Par Ondine Delauynay

Jeudi 29 septembre, l’Ordre des avocats au barreau de Paris organisait une journée de réflexion, visant à cibler les difficultés liées à la collaboration libérale et à faire émerger des propositions concrètes à mettre en oeuvre pour faire évoluer le contrat de collaboration.
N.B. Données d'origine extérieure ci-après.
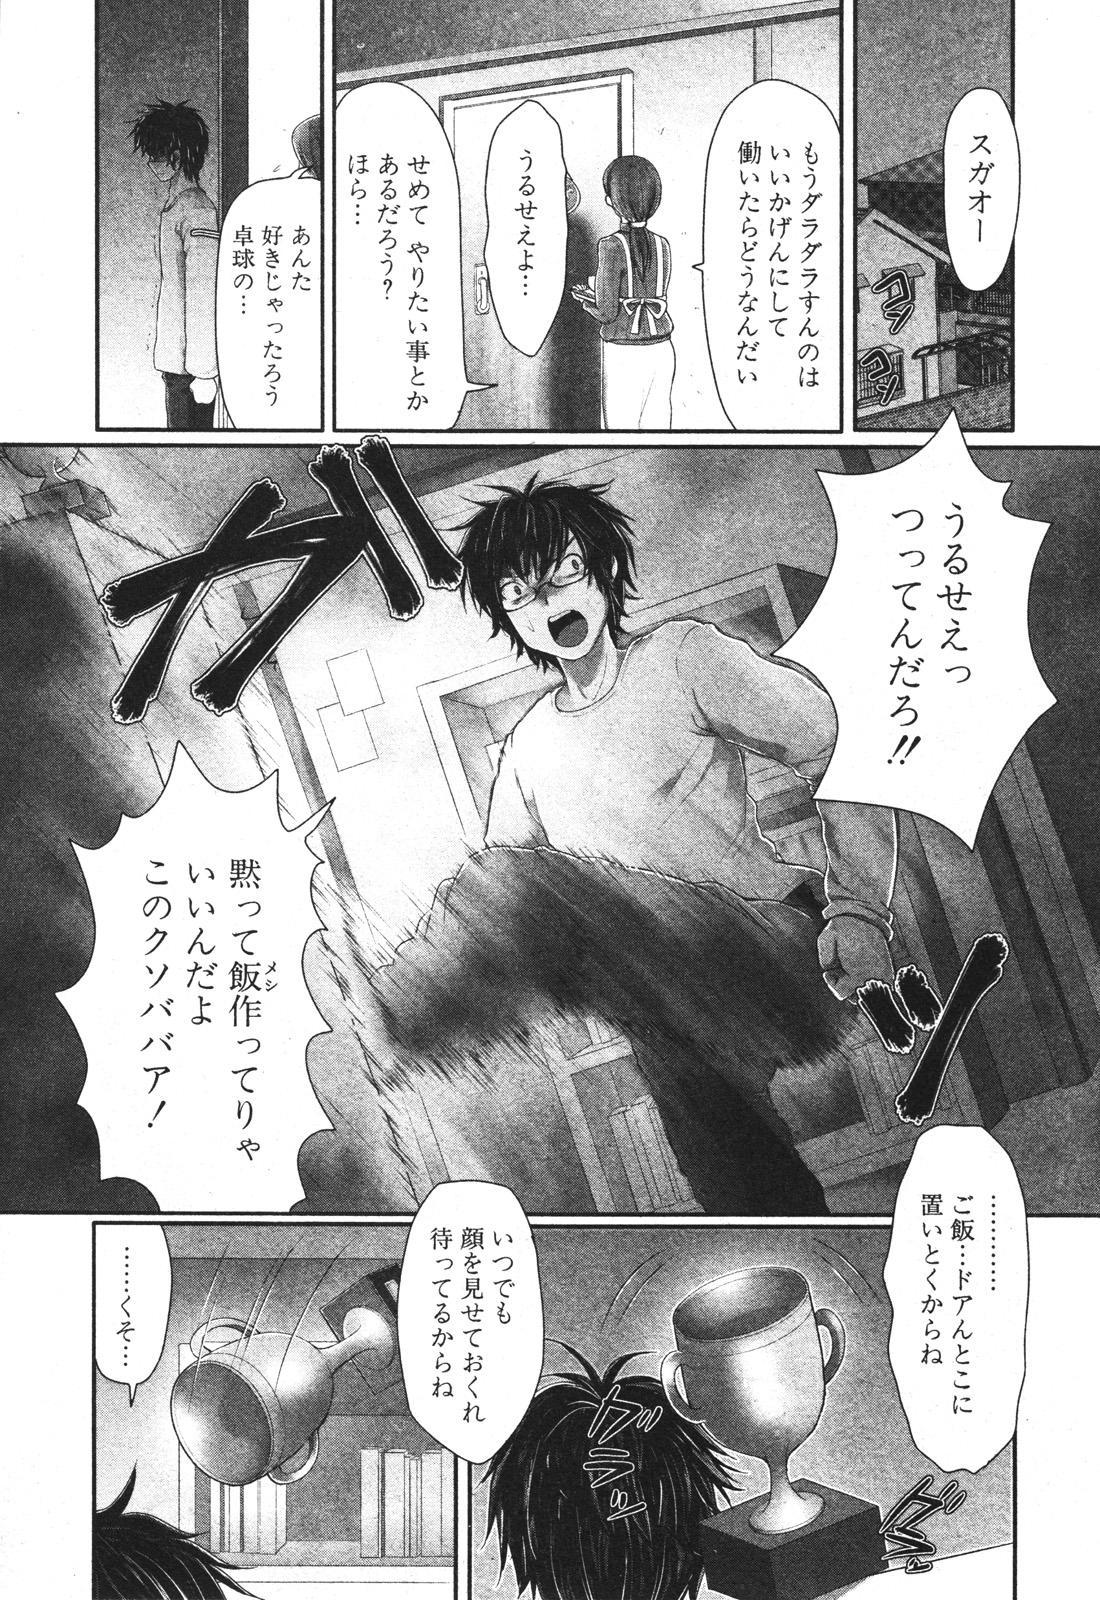 BUSTER COMIC 2010-05 Vol.07 348
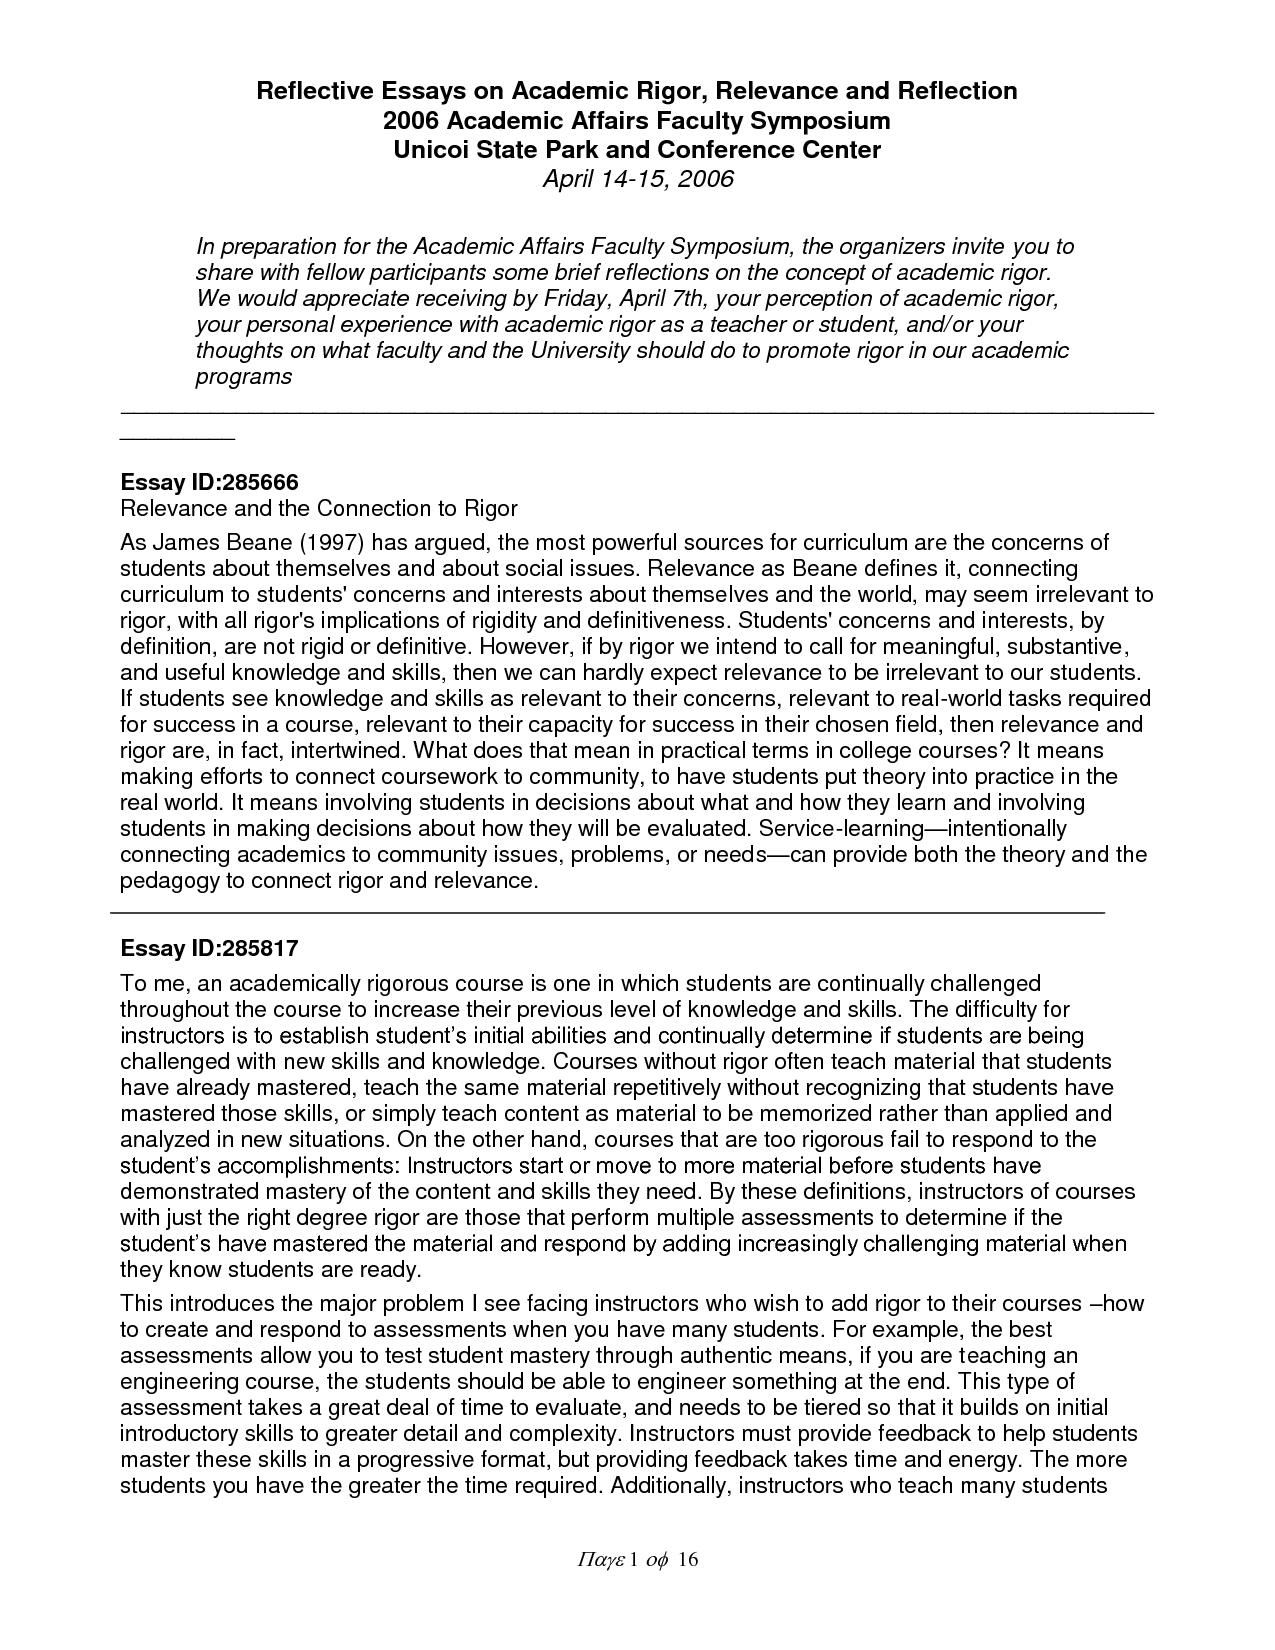 007 Descriptive Essay About Love Ixora Philippinensis Example Of Family Essays For High School Students Pics Admi Unique Examples Sample Questions Narrative Pdf Full

C’est devant une salle du Palais des Congrès de Paris assez parsemée, grève des transports oblige, que les représentants de l’Ordre du barreau de Paris se sont livrés à la restitution des ateliers, débats et propositions formulées durant la matinée. Neuf ateliers ont été présentés, centrés autour de trois thématiques principales : le bien-être au travail, l’égalité et la lutte contre le harcèlement et les discriminations, ainsi que le recrutement, l’évolution et l’association. De cet exercice qualifié « d’inédit » par la bâtonnière, Julie Couturier, qui en avait d’ailleurs fait une promesse de campagne, la volonté a été clairement affichée de mettre de côté les tabous et les non-dits. « Nous avons placé le débat sous le signe de l’intelligence collective, toutes les opinions ont leur place pour engager le changement », a introduit la bâtonnière. S’en sont suivis des constats déjà soulevés, mais non moins alarmants : la génération d’avocats ayant moins de dix ans de barre est en recherche d’autonomie, de parcours non linéaires. Leur ambition personnelle est mise au service du collectif et s’ils ne remettent pas en cause l’autorité, celle-ci doit néanmoins s’accompagner d’une légitimité intellectuelle et professionnelle. Environ 25 % d’entre eux abandonnent la robe avant la fin de leur première décennie d’exercice. Et, de fait, les cabinets ont les plus grandes peines à attirer et recruter des jeunes avocats. « Le prestige d’exercer en cabinet s’est un peu amoindri face au monde de l’entreprise », a-t-il été noté. « L’entrepreneuriat, qui est une valeur forte de notre métier, est aujourd’hui concurrencé par d’autres filières où l’entrepreneuriat existe aussi », a-t-on entendu du représentant de l’ACE. Et surtout, la mobilité ne fait plus peur. Des passerelles ont été créées entre les différents métiers du droit – et pas uniquement avec les juristes en entreprise – que les jeunes n’hésitent plus à utiliser dans leur carrière.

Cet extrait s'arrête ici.